It has a flow forty times higher than the Amazon River and flows under the Indian Ocean, more than three thousand meters deep. The finding, to help better understand the Earth's climate, has just been published in Nature Geoscience.
"The current transports dense water rich in oxygen and sinking near Antarctica at great depths and head towards the far north," said Steve Rintoul, one of the authors. "In fact, without this contribution Antarctic water, the deeper layers of the ocean would have very little oxygen."
The role and influence of ocean currents on climate are well known. In fact, are responsible for storing and transporting a large amount of heat and carbon dioxide, which thus is not released to the atmosphere and slows the process of global warming.
"The current deep undersea Kerguelen Plateau is part of a global system of ocean currents that are critical when it comes to knowing how much heat the ocean can store carbon," adds the researcher.
Other expeditions were detected before evidence of this complex system of streams, but none of them had been able to determine the amount of water they carried.

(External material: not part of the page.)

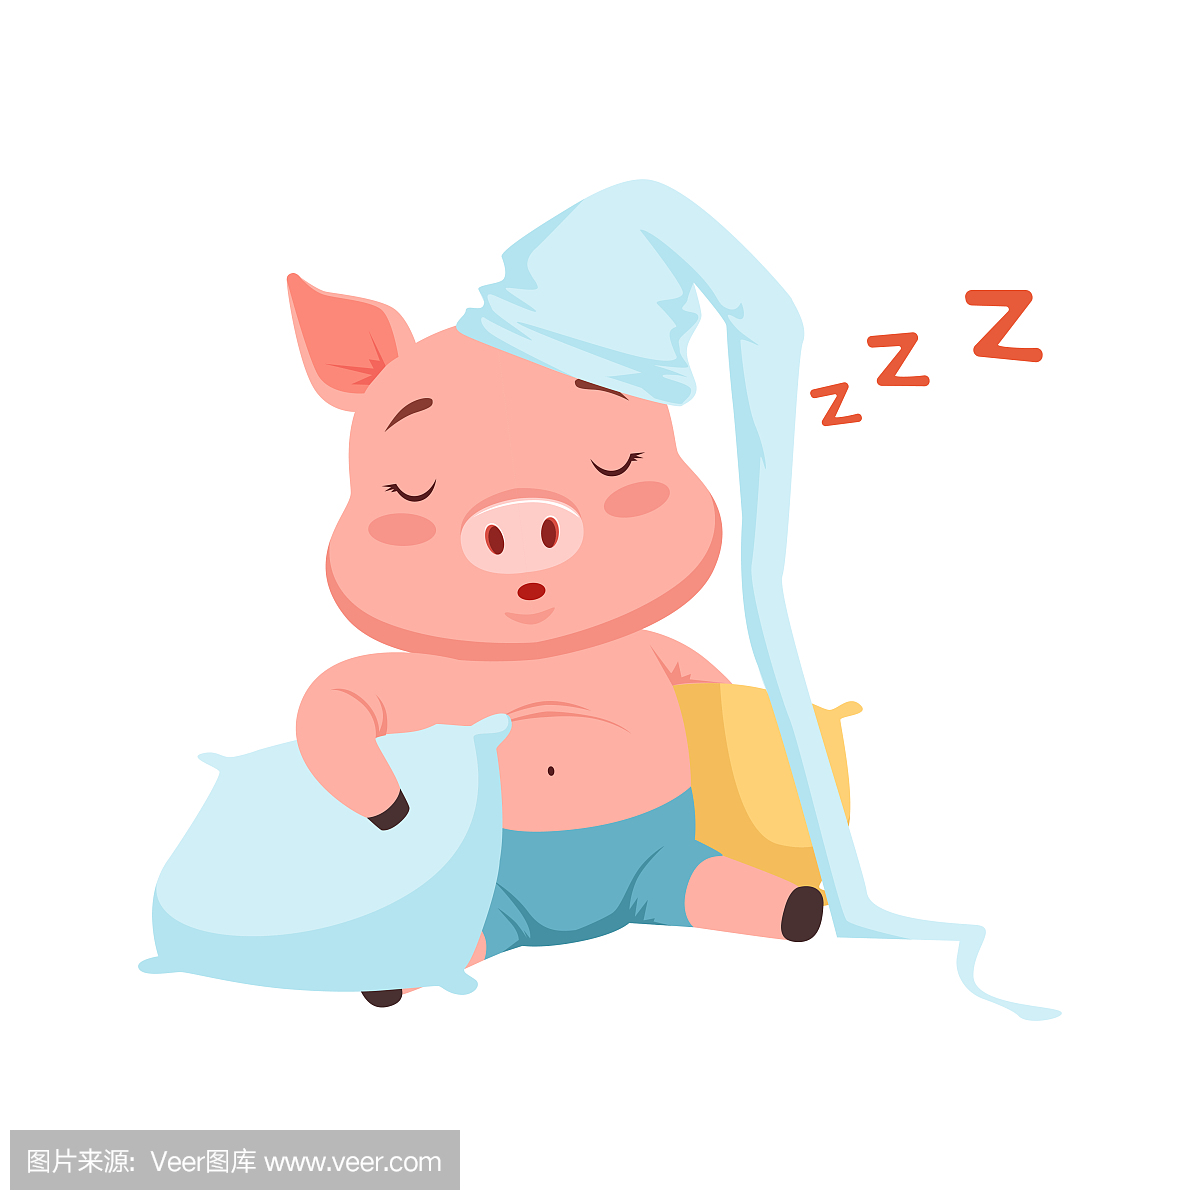 猪猪睡觉了猪猪睡觉斗图表情包-表情jfjlfoj-爱斗图

The Australian-Japanese team used for their experiments different current meters anchored to the seafloor, at depths exceeding 4,500 meters.
Over a period of two years, the detectors hooked to the bottom floated to a depth of about three thousand feet, systematically measuring the flow velocity, temperature and salinity.
"The continuous measurements allowed us for the first time, determine how much water was transported northward this deep current," says Rintoul. It turns out that for more than twelve million cubic meters of water from segurndo Antarctica less than zero degrees and without being frozen, as it is mixed with salts and minerals.
"It was a real surprise to see how strong this trend," says the researcher. "With an average speed during two years of 20 cm per second, the current is strongest ever measured at depths of three miles beneath the sea surface."
To Rintoul, "Having a map of these systems of deep currents is an important step toward understanding the global network of currents that influence climate, both present and future. And our results show that the currents of Kerguelen Plateau make a large contribution to this global ocean circulation. "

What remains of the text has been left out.